BMI: Body mass index; HDL-C: High density lipoprotein cholesterol; TC: Total cholesterol; SBP: Systolic Blood Pressure; DBP: Diastolic Blood Pressure (Table 2).
SBP: Systolic Blood Pressure; DBP: Diastolic Blood Pressure; MVV: Maximum Voluntary Ventilation; BMI: Body Mass Index; VO2max. : Maximal Oxygen Consumption; SaO2: arterial oxygen saturation; (*): indicates a significant difference, P < 0.05.

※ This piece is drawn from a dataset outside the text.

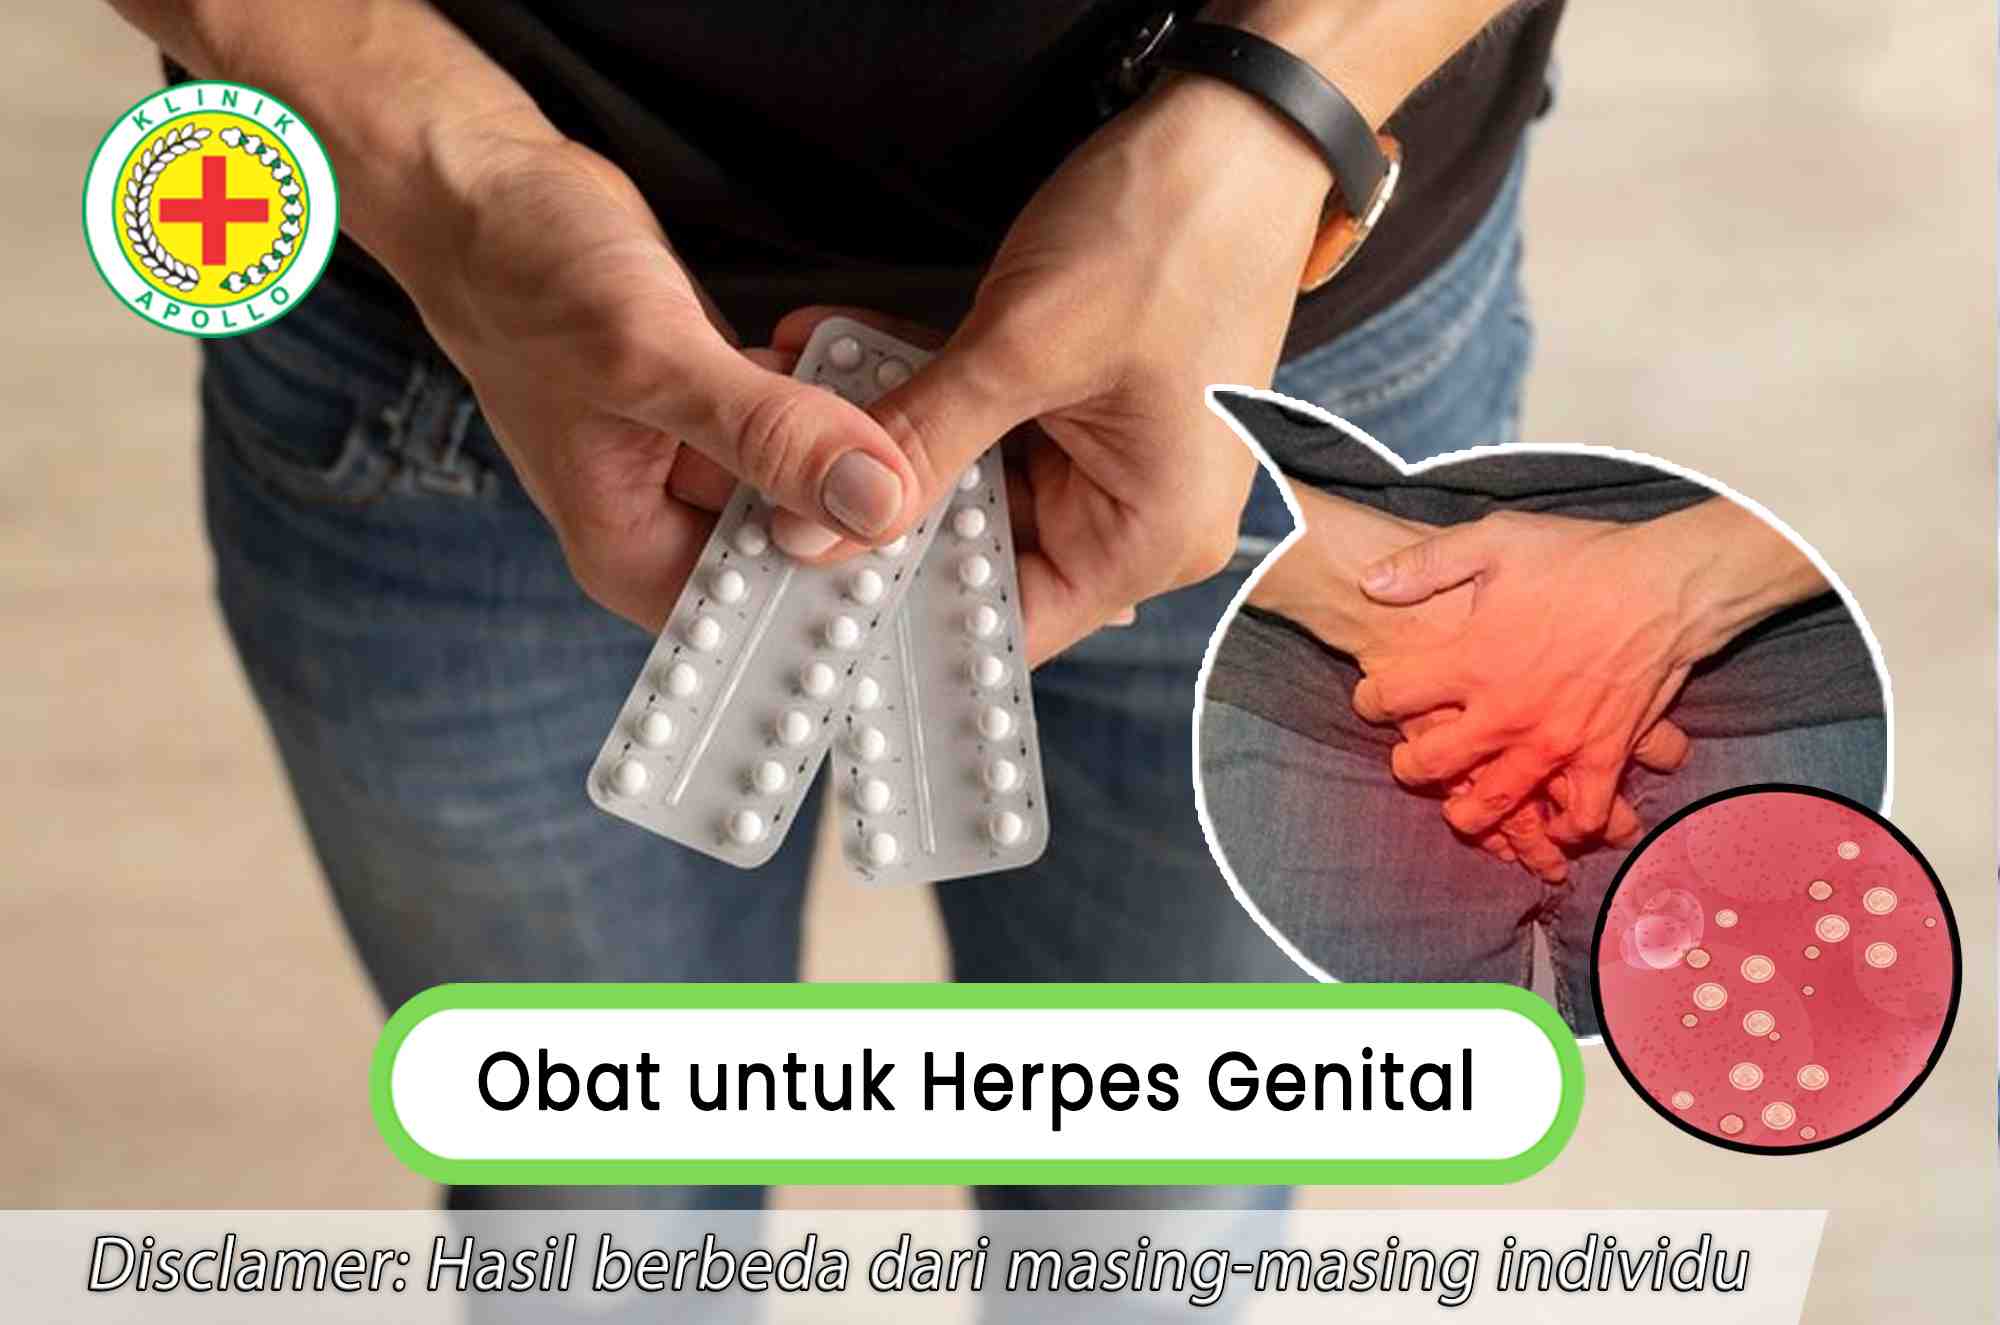 Rekomendasi obat untuk herpes genital yang paling tepat dan terbaik di Klinik Apollo.

Previous studies confirmed that both aerobic and anaerobic exercise training effectively improved functional adaptation of the cardiopulmonary system [13-15], however, for the best of our knowledge there is no clear discrimination between both exercise training programs, this study aimed to measure differentiate between aerobic and anaerobic exercise training on cardiopulmonary adaptation among obese subjects. Our results proved that aerobic exercise is better than anaerobic exercise training in improving cardiopulmonary fitness among obese subjects. These findings agreed with many previous studies [18,19]. While, Joyner and Tschakovsky stated that releasing endothelium-derived relaxing factor as Nitric oxide induced by aerobic exercise led to reduction of vascular resistance, arterial blood pressure and heart rate . In the other hand, our results showed that anaerobic exercise resulted in non-significant changes in arterial blood pressure and heart rate, these results means that intensive exercise training resulted in more cardiac work which couldn’t be sustained for long time .
Regarding ventilator function, aerobic and anaerobic exercise training significantly improved MVV and VC. However, aerobic exercise resulted in greater changes in MVV and VC than anaerobic exercise; these results agreed with Juel et al . stated that adult men who enrolled in aerobic exercise training induced significant improvement in maximal oxygen consumption and other variables of cardio-respiratory system adaptations during dynamic exercise . Also, O’Donovan et al. compared the cardio-pulmonary system response to moderate exercise training and severe exercise training and they reported that there was significant improvement in VO2max and maximum voluntary ventilation after both types of exercise .
Regarding results of arterial oxygen saturation, both aerobic and anaerobic exercise training significantly increased value of SaO2. However, aerobic exercise resulted in greater changes in SaO2 than anaerobic exercise, our results agreed with a study of Frisbee and Delp proved that adult men had significant cardio respiratory system adaptation following aerobic exercise that was evident by improvement in anaerobic threshold and VO2max .
Our study has important strengths and limitations. The major strength is the random selection of the participants; hence, we can extrapolate adherence to the general population. In the other hand, the major limitations are the relatively small sample size in both groups may limit the possibility of generalization of the findings in this study. Finally, within the limit of the present study, aerobic exercise training is recommended for appropriate cardiopulmonary adaptation to exercise training among obese male subjects. Further researches are necessary to study the influence of other exercise training programs on biochemical and physiological parameters in obese subjects.
Aerobic exercise is better than anaerobic exercise training in improving cardiopulmonary fitness among obese subjects.